◆ **DATASET EXCERPT**:
━━━━━━━━━━

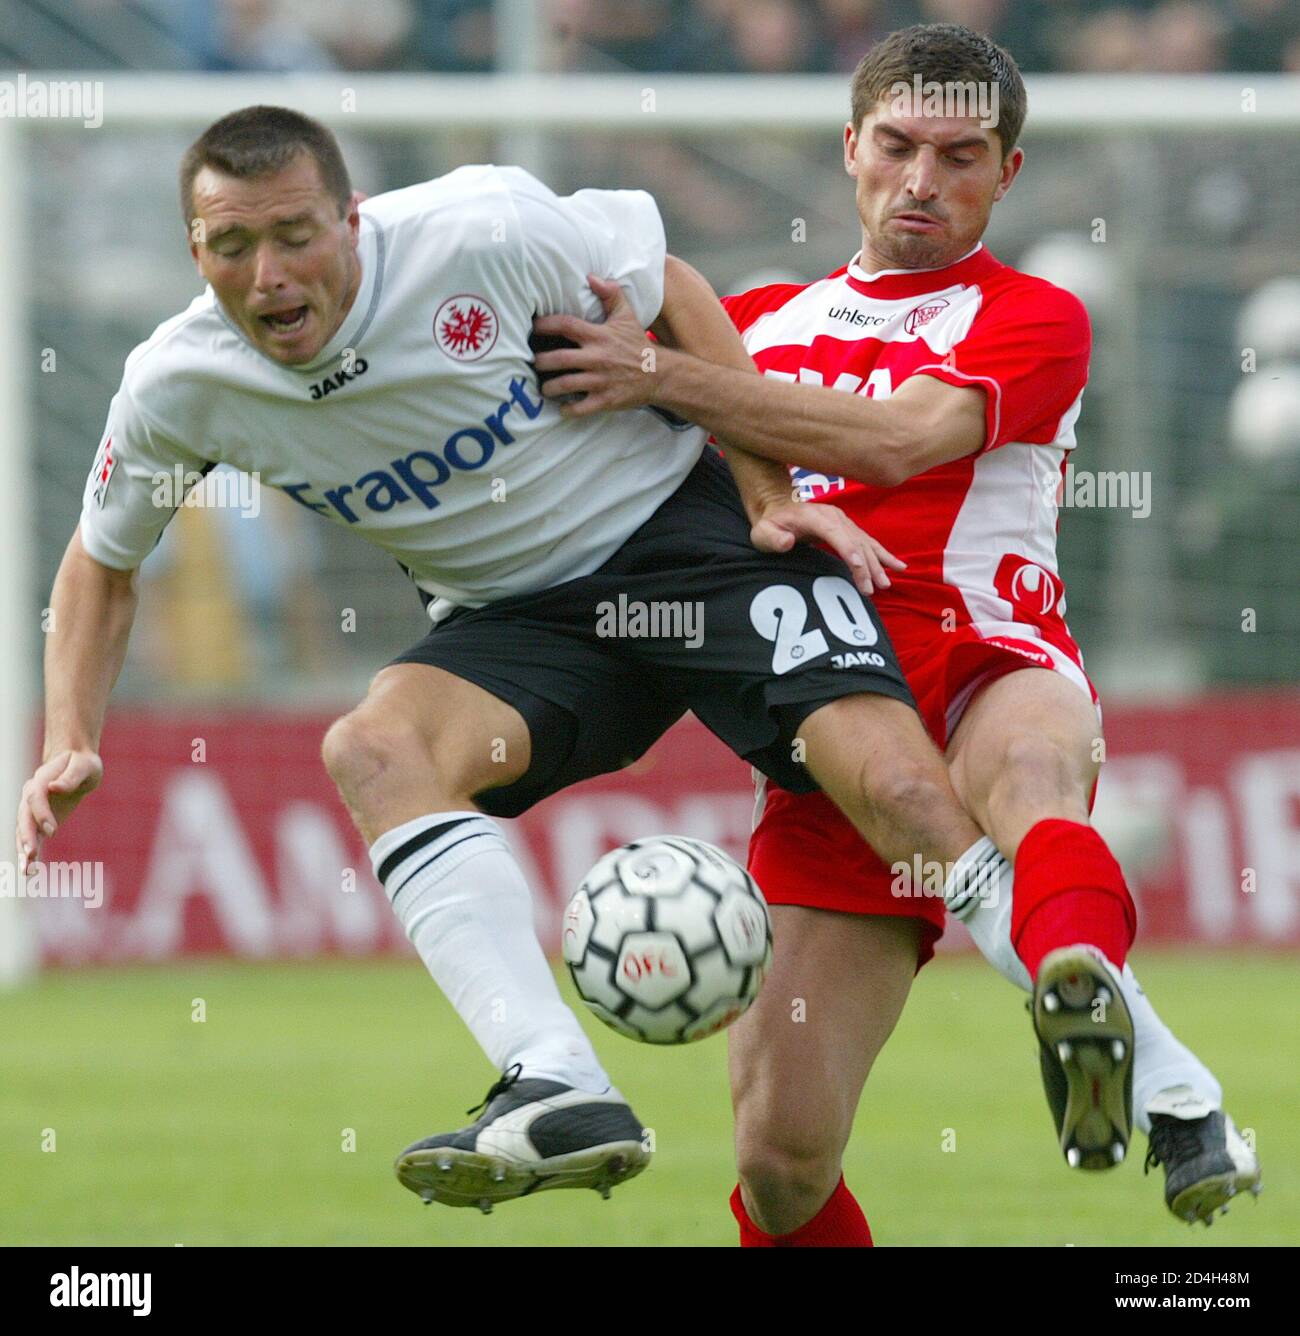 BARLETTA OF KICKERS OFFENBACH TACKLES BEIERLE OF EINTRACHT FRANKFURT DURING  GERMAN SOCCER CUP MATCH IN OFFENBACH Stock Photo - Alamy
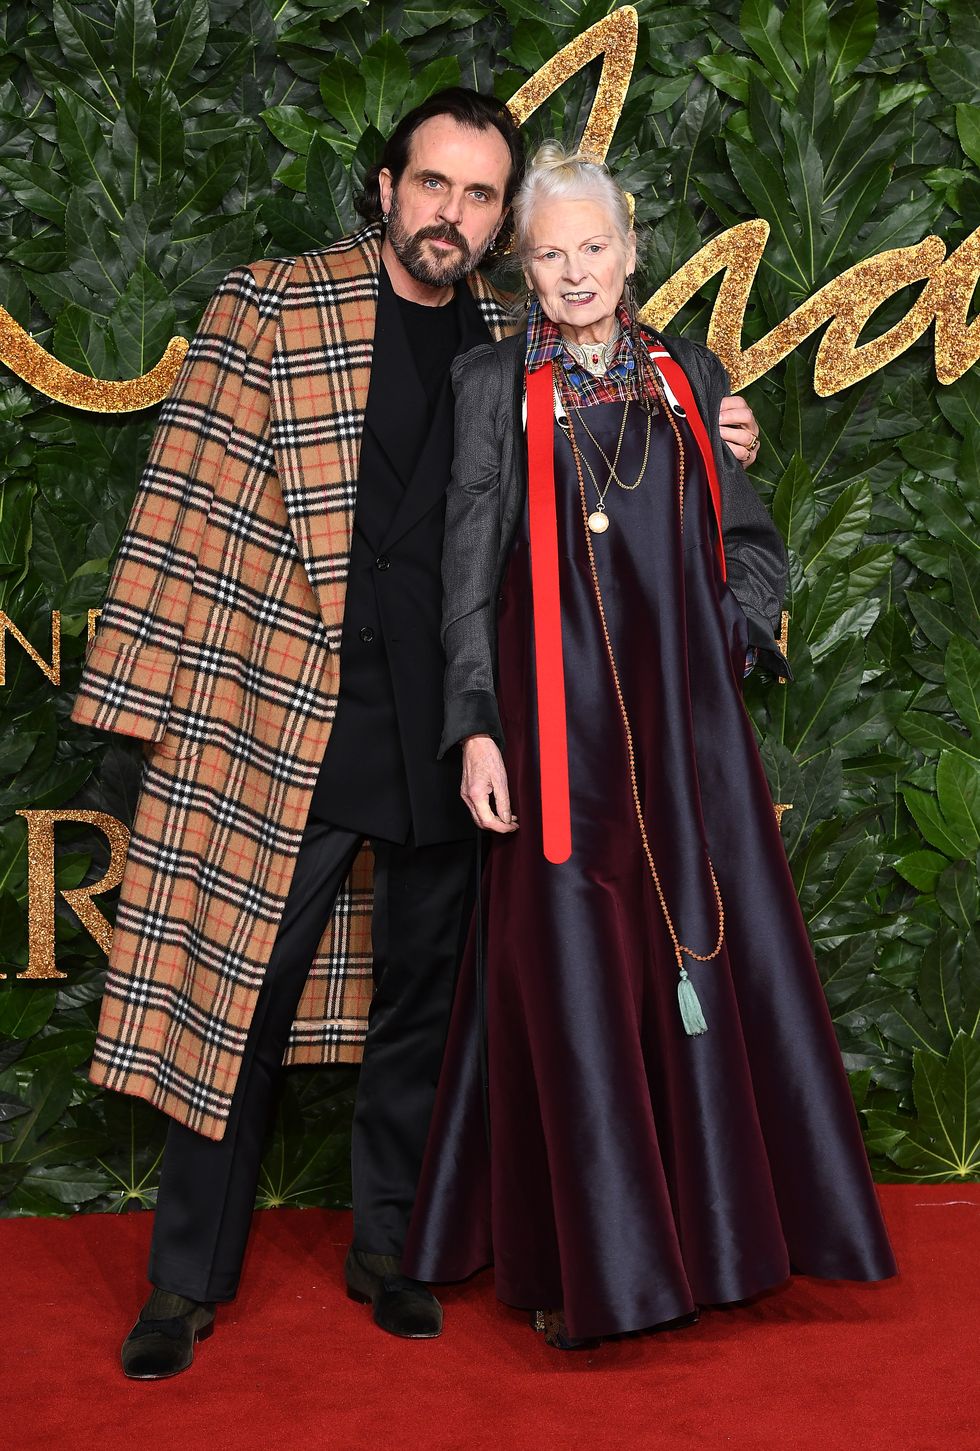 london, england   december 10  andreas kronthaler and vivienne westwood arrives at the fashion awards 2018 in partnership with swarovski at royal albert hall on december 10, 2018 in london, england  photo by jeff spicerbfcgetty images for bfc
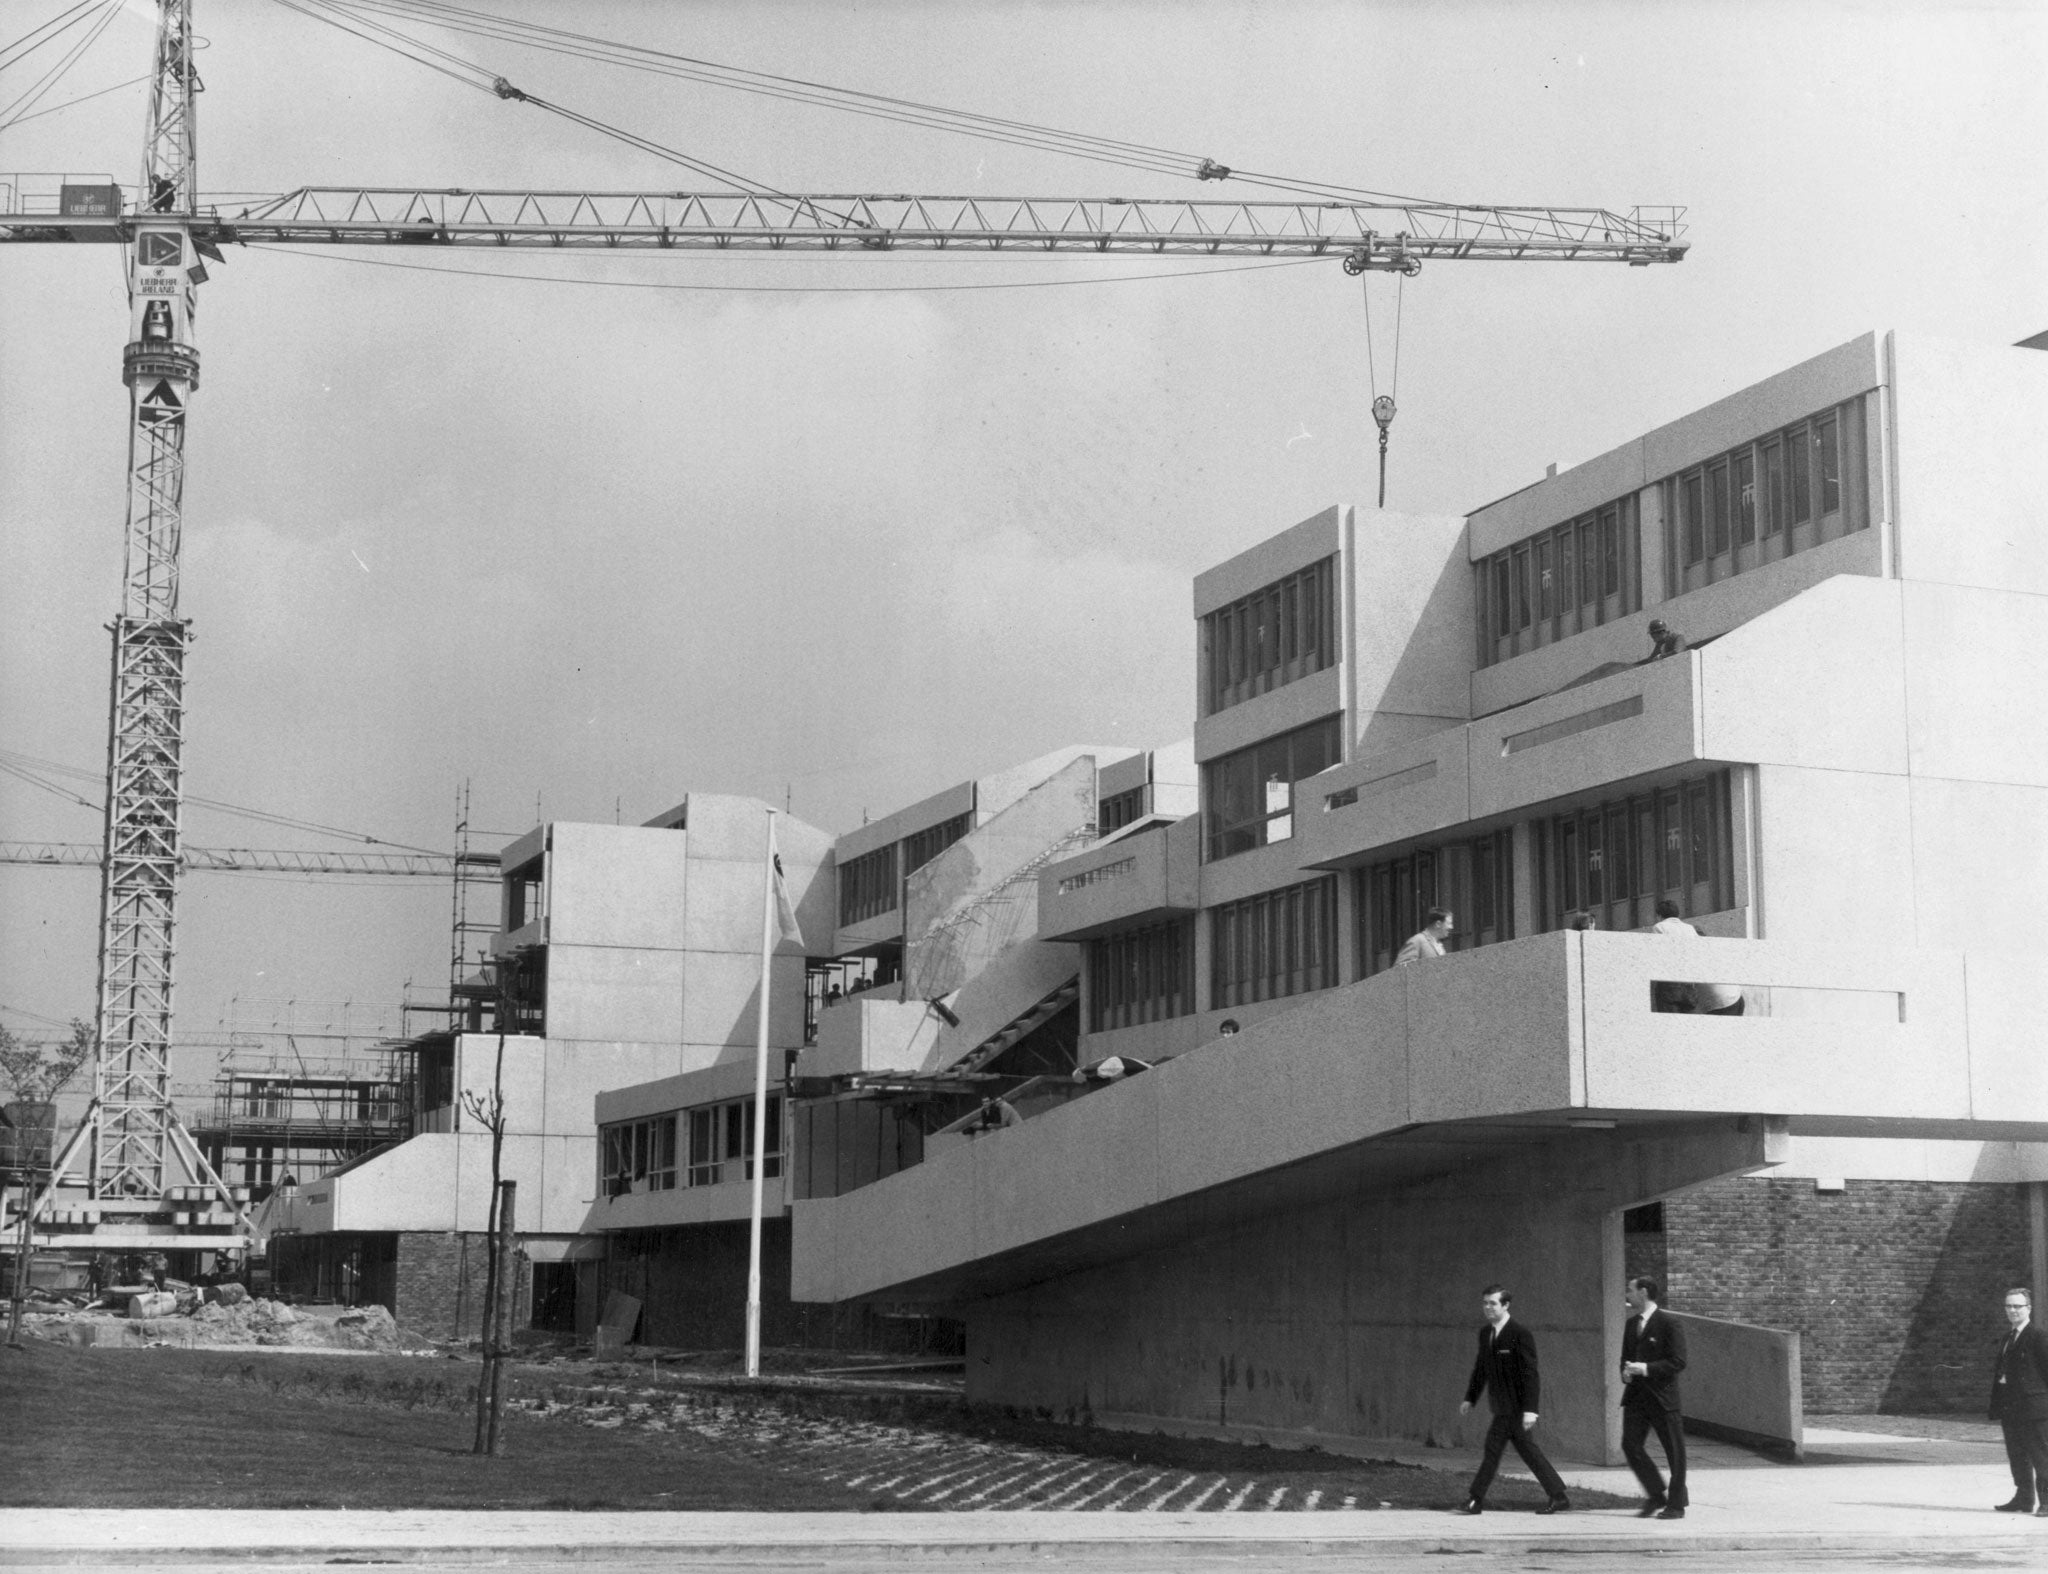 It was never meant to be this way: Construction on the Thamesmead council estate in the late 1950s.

━━━━━━━━━━

◆ **ABOUT THIS EXERCISE**: Copy each line of the material above exactly, but not the images.

◆ **COMPLETED EXERCISE**:
 BARLETTA OF KICKERS OFFENBACH TACKLES BEIERLE OF EINTRACHT FRANKFURT DURING  GERMAN SOCCER CUP MATCH IN OFFENBACH Stock Photo - Alamy
 london, england   december 10  andreas kronthaler and vivienne westwood arrives at the fashion awards 2018 in partnership with swarovski at royal albert hall on december 10, 2018 in london, england  photo by jeff spicerbfcgetty images for bfc
 It was never meant to be this way: Construction on the Thamesmead council estate in the late 1950s.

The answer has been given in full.